Yesterday when I tried the newsgroup again from scratch, I did not have any better success than before, as I had thought. What happened was that I had the days to keep orphaned replies set to 7 days, so it deleted the ones that were older than 7 days. So today, I tried it with a setting that would be longer than any of the dates of the messages that are in the newsgroup and there were 69 that could not be inserted into the forums (and 468 that were put in the forums).
Anyways, looking at the ones that did not get inserted, I had these cases: - A thread starting post had two direct replies, both had the reds set to the msgid of the first post in the thread.
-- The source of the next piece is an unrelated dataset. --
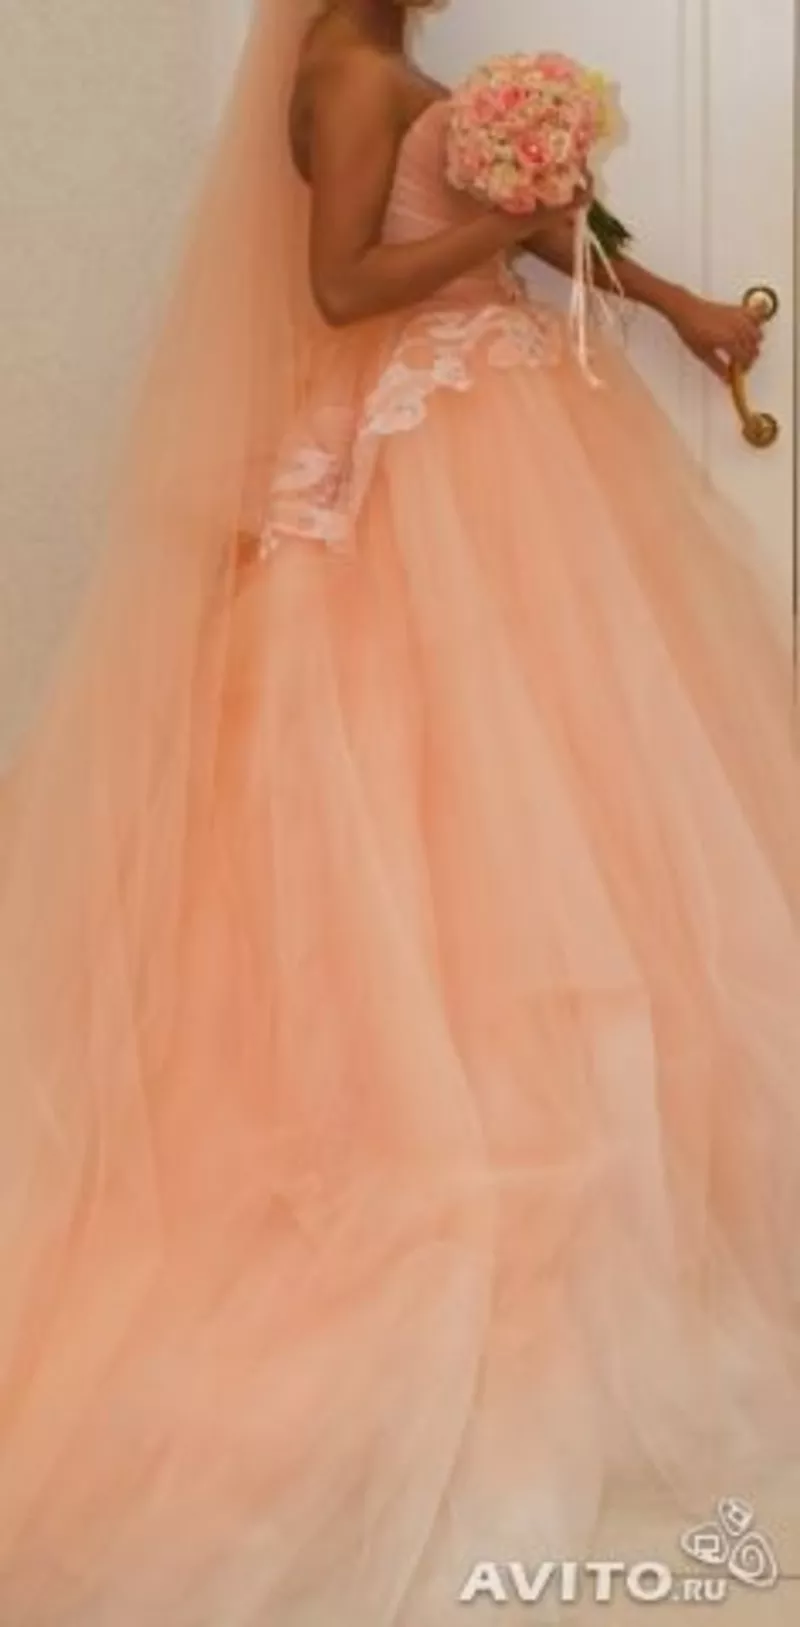 Свадебное платье Цвет коралл-персик. Длинный шлейф, фата,  вышивки. 3

However, the one that was not inserted had an order of 2 while the parent post had an ord or 0 and the other reply had an ord of 1. So that didn't fit the ref matching along with the ord being equal to or one more that the parent post. So it didn't get inserted. So, I changed the MySQL call in the newnews.pl file to ignore the ord. So on line 404, I removed "((d.ord = a.ord) OR (d.ord +1 = a.ord))"so that I now have:
Code:
my $q3 = db_fetch("SELECT b.title, a.nntpposter, a.forum, a.msgid, a.dtm, a.subject, a.poster, a.body, a.ord, a.postid, a.email, b.threadid, c.ref FROM usenet_article AS a, thread AS b, usenet_ref AS c, post AS d where b.threadid = d.threadid and b.forumid = $$newsgroup->{forumid} and c.ref = d.msgid and a.msgid = c.msgid ORDER BY a.dtm, a.ord");
That made it where this post was then inserted into the proper thread along with 4 others that had the same problem and brought the total in usenet_article to 64.
The rest of the cases are now without the ord part of the MySQL query.
- A message has two refs in it and both those refs are associated with posts in the post table, however, these referenced posts are in different threads. Also, the original message on the newsgroup does not have any references associated with it. The refs associated with this message both had the same title "(no subject)". So the orphaned replies code must have associated this post with both of these messages.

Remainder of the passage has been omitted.